▶ [Material provided]:
##############################
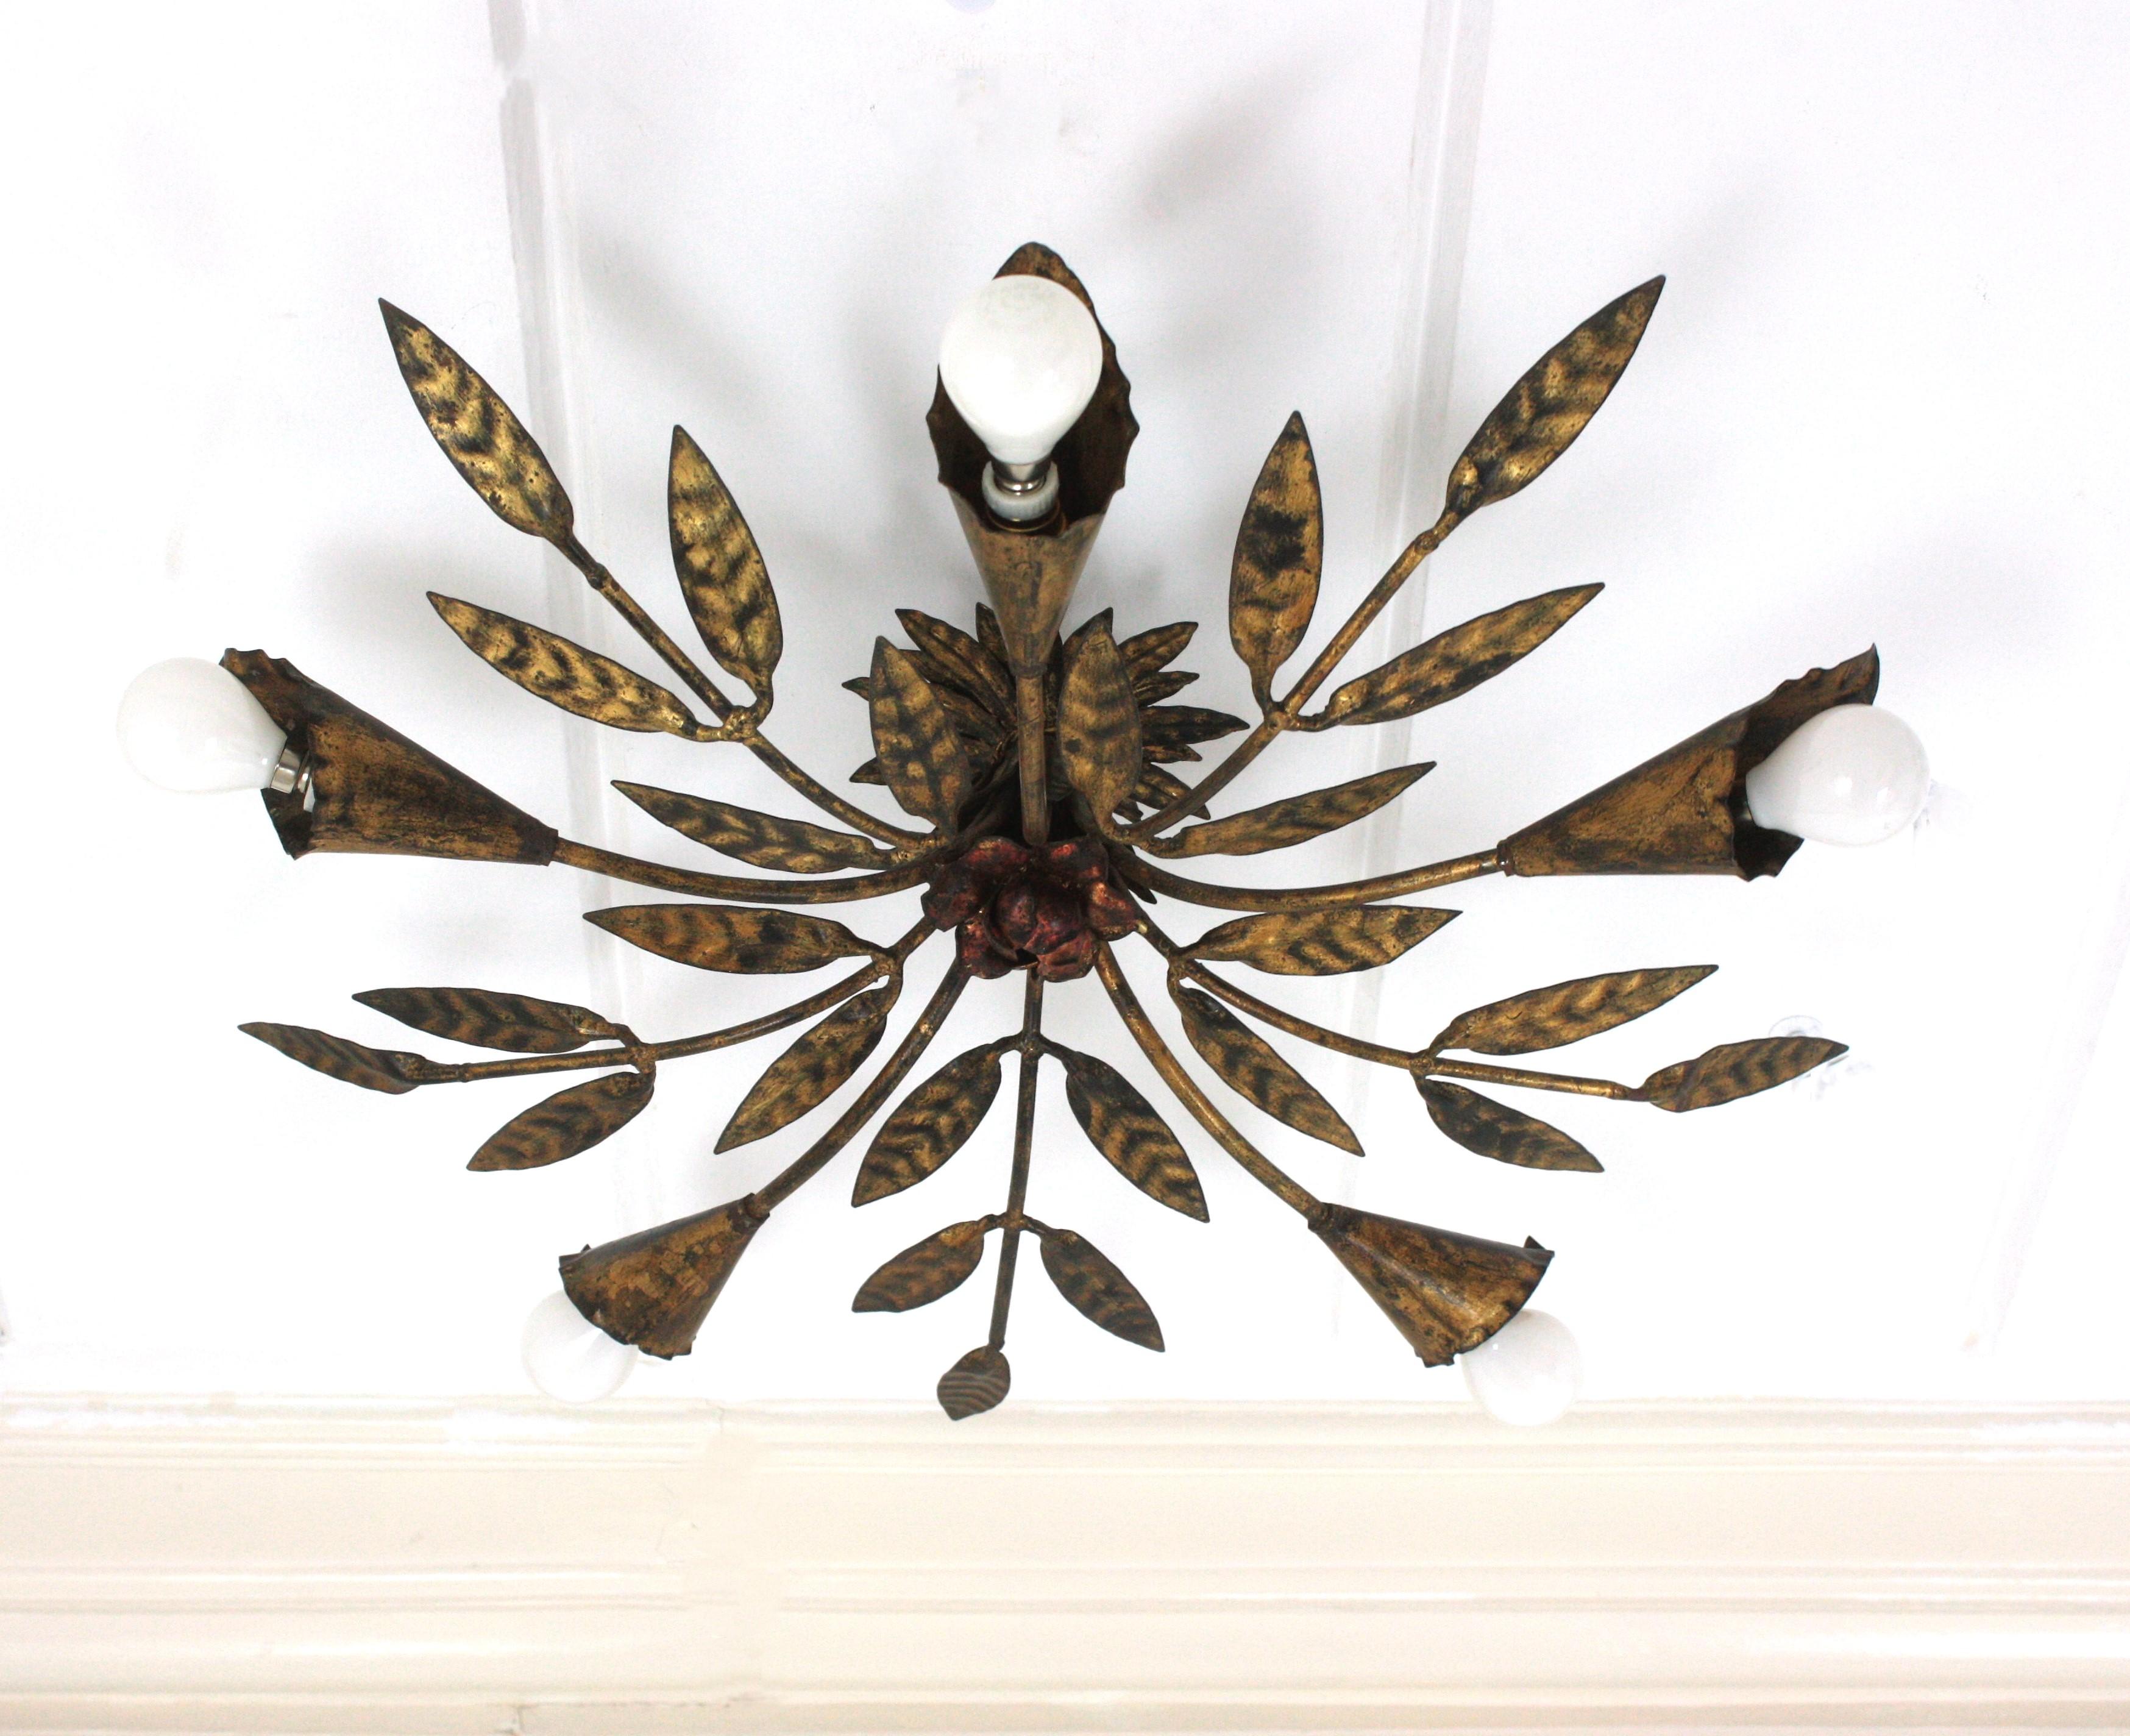 Outstanding spanish foliage sunburst flush mount ceiling light in gilt iron, Ferro Art, 1950s
To be used as ceiling light fixture or as chandelier / pendant light adding a chain to the desired height.
This five-light ceiling lamp features an
##############################
▶ [Task instructions]:
The expected response is every line of the material, written out exactly, with the images removed.

▶ [Completed exercise]:
 Outstanding spanish foliage sunburst flush mount ceiling light in gilt iron, Ferro Art, 1950s
To be used as ceiling light fixture or as chandelier / pendant light adding a chain to the desired height.
This five-light ceiling lamp features an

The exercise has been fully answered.